Australian Prime Minister Tony Abbott reaffirmed the full commitment of both his government and the governments of Australia’s partners to recovering the Malaysian Airlines flight, which was believed to have crashed some 2,500 kilometers southwest of Perth.

"We're throwing everything we have at this search," Abbott told Australian TV broadcasters on Wednesday.

Even though the weather conditions had calmed enough for search efforts to be resumed, the Australian premier said, it would be no less difficult.

The search zone was "as close to nowhere as it's possible to be," he said. "It's thousands of kilometers from anywhere."

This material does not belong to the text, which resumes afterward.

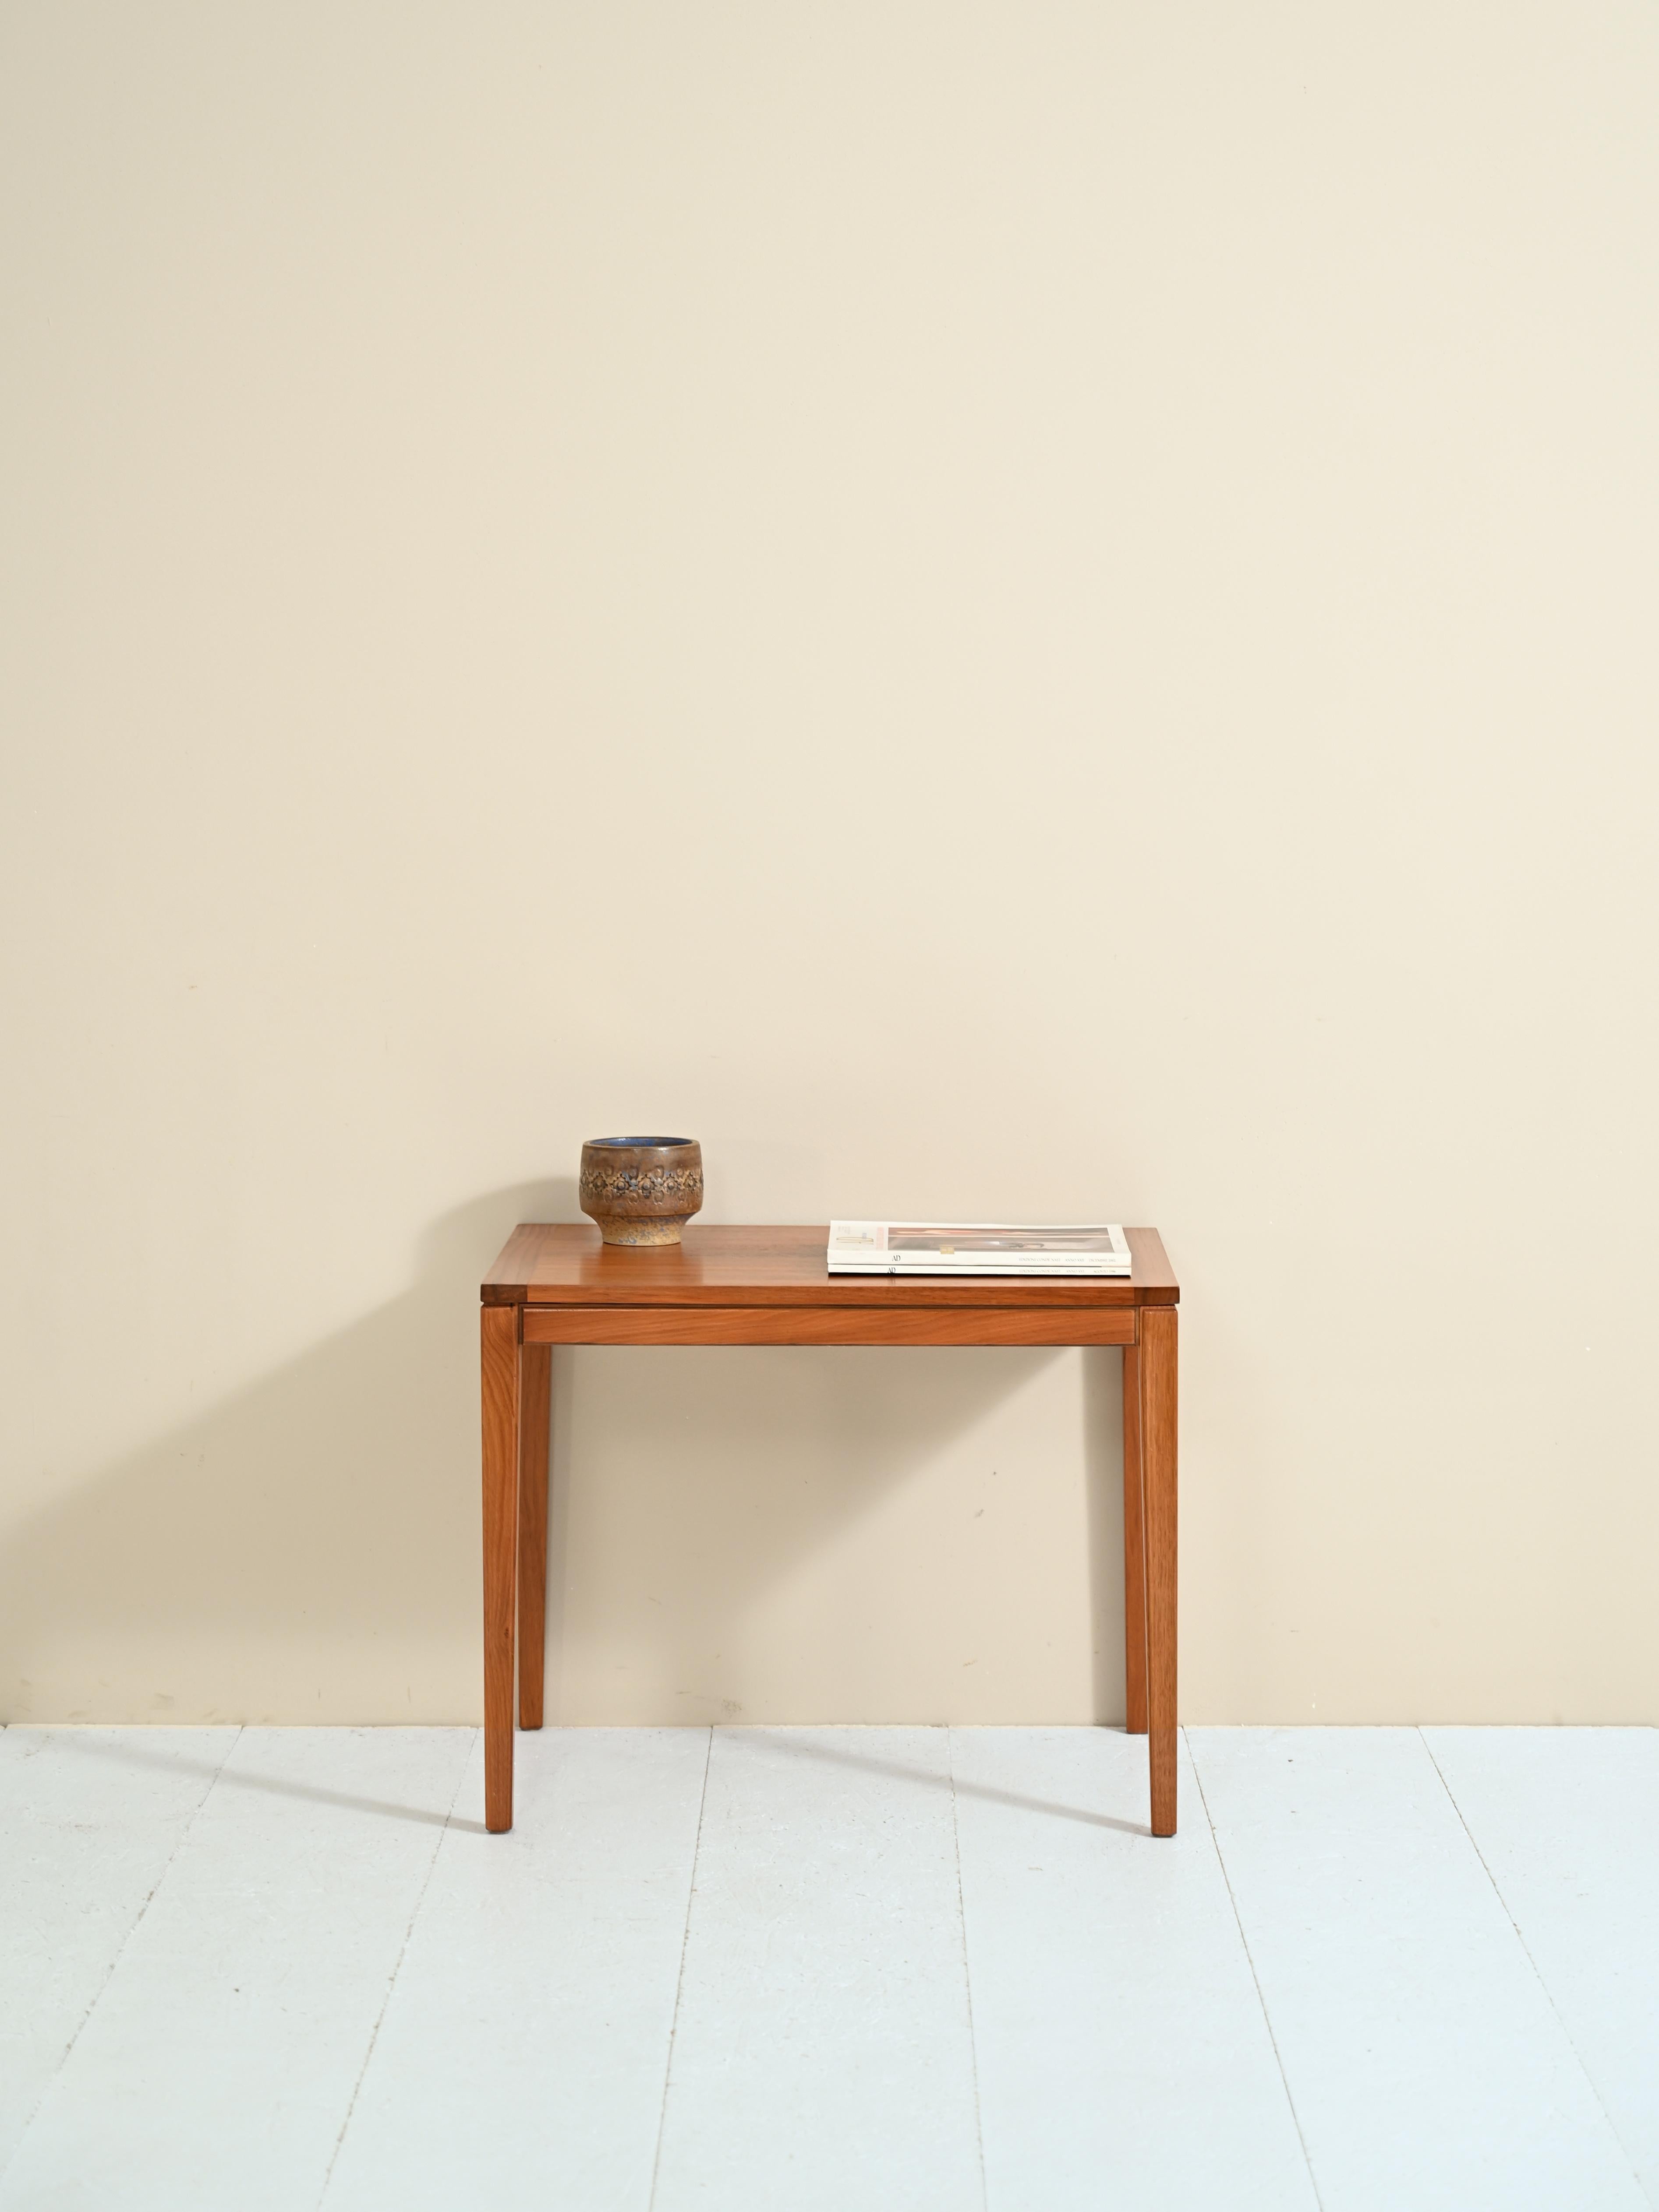 Coffee table of Scandinavian manufacture. The coffee table is made of teak wood and was manufactured at the turn of the 1950s/60s.

Simplicity in form and attention to detail are the characteristics of this beautiful teak wood coffee

Earlier this week, Malaysia's prime minister announced that new satellite data from Britain's Air Accidents Investigation Branch and Inmarsat had indicated that the flight had almost certainly crashed into the sea.

Chinese officials and relatives of the victims have expressed dissatisfaction at the Malaysian government's handling of the situation. Two-thirds of the passengers on board MH370 were Chinese nationals. On Tuesday, family members of the missing passengers marched on the Malaysian embassy in Beijing demanding more information. The Chinese government also sent its vice foreign minister, Zhang Yesui, to Kuala Lumpur for more details about the recent satellite information.

Malaysian Airlines flight MH370 disappeared on March 8 while flying from Kuala Lumpur to Beijing.